The Julia language implements sqrt(x) with conditional branch taken if x<0. Alas this prevents vectorization of loops with sqrt. Often the argument can be proven to be non-negative. E.g., sqrt(xx+yy). Is there an existing LLVM pass or analysis that does floating-point range propagation to eliminate such unnecessary checks?

I don’t believe we have much in this area currently.

Generally, something like this would existing in InstCombine and ValueTracking.

Take a look at ComputeSignBit in ValueTracking.cpp. This doesn’t apply (?) to floating point numbers, but we’d need something equivalent for them. It looks like there may already be a start in the form of:
CannotBeNegativeZero

Other places to look would be SimplifyFAdd and InstCombine::visitFAdd.

For this particular example, you’re probably going to want a pattern in SimplifyFCmp of the form:
matcher: sqrt_call( fadd(Value(X), SpecificValue(X)), fadd(Value(Y), SpecificValue(Y)))
&& CannotBeNegativeZero(X) && CannotBeNegativeZero(Y)

You might also look at LazyValueInfo, but that’s probably of secondary interest. It’s purely in terms of constant integer ranges currently.

Thanks for the pointers. Looks like LazyValueInfo has the sort of infrastructure I had in mind. LVILatticeVal could be extended to floating point. (The comment “this can be made a lot more rich in the future” is an invitation :-).
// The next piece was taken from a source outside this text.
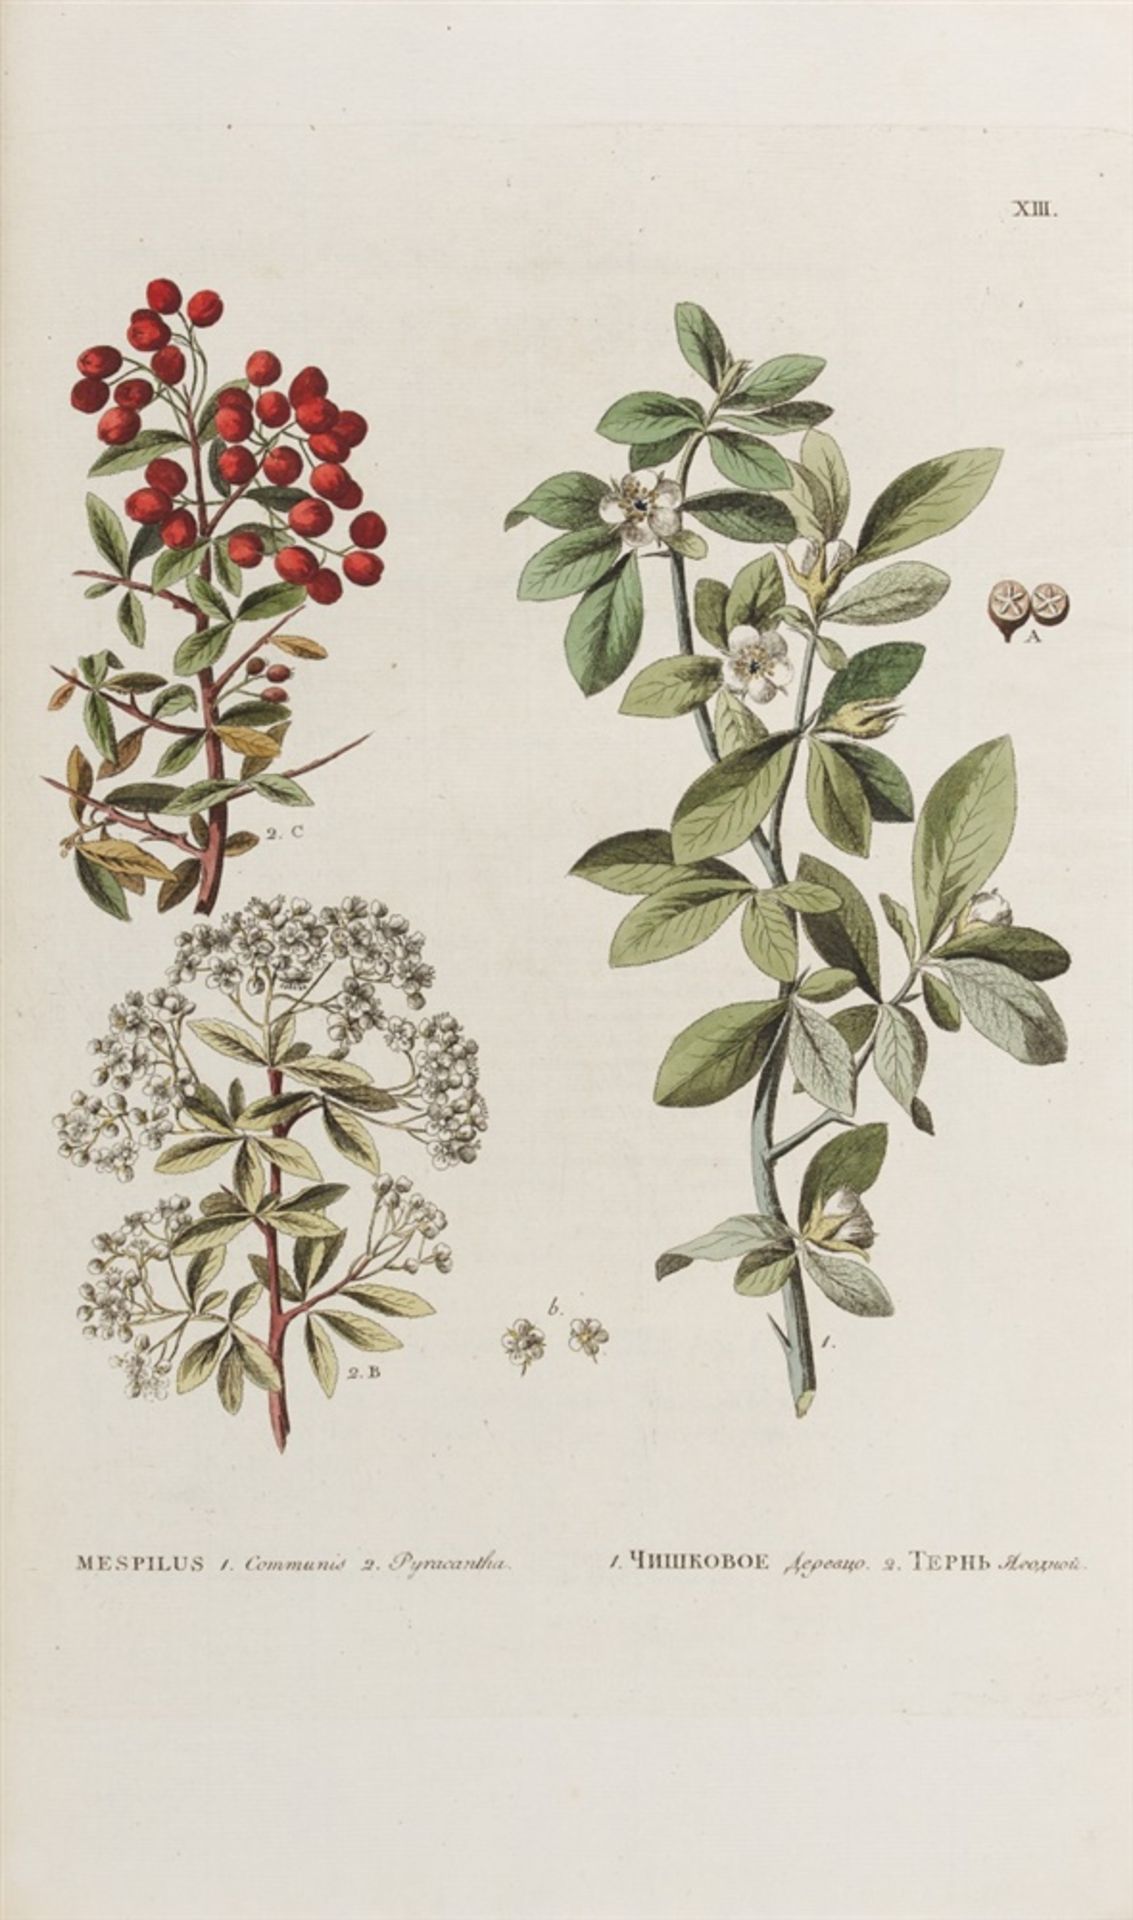 Pallas, Peter Simon: Flora Rossica, seu stirpium Imperii Rossici per Europam et Asiam indigenarum

I’m thinking a simple lattice would address most cases of interest for floating-point checks. The lattice points for floating-point could be all subsets of the eight-element set:

{-inf,<0,-0,+0,>0,+inf,-nan,+nan},

where <0 and >0 denote finite negative/positive numbers respectively.

From: "Arch Robison" <arch.robison@intel.com>
To: "Philip Reames" <listmail@philipreames.com>, llvmdev@cs.uiuc.edu
Sent: Thursday, January 8, 2015 12:54:32 PM
Subject: Re: [LLVMdev] Floating-point range checks

Thanks for the pointers. Looks like LazyValueInfo has the sort of
infrastructure I had in mind. LVILatticeVal could be extended to
floating point. (The comment “this can be made a lot more rich in
the future” is an invitation :-). I’m thinking a simple lattice
would address most cases of interest for floating-point checks. The
lattice points for floating-point could be all subsets of the
eight-element set:

{-inf,<0,-0,+0,>0,+inf,-nan,+nan},

where <0 and >0 denote finite negative/positive numbers respectively.
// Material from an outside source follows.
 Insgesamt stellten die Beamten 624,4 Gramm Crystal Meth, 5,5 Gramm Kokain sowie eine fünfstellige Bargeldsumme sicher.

I'm not sure. Checks against 1.0 are also common. Why not just add a FP range class, like our constant range, and go from there?

Checks against 1.0 are also common. Why not just add a FP range class, like our constant range, and go from there?

That's certainly another way to go. My worry is that a more complicated lattice gets us deeper into rounding-mode issues and considerably more work for smaller gain. I like the idea of creating an FPRange class. We could start with a simple one and extend it as experience warrants.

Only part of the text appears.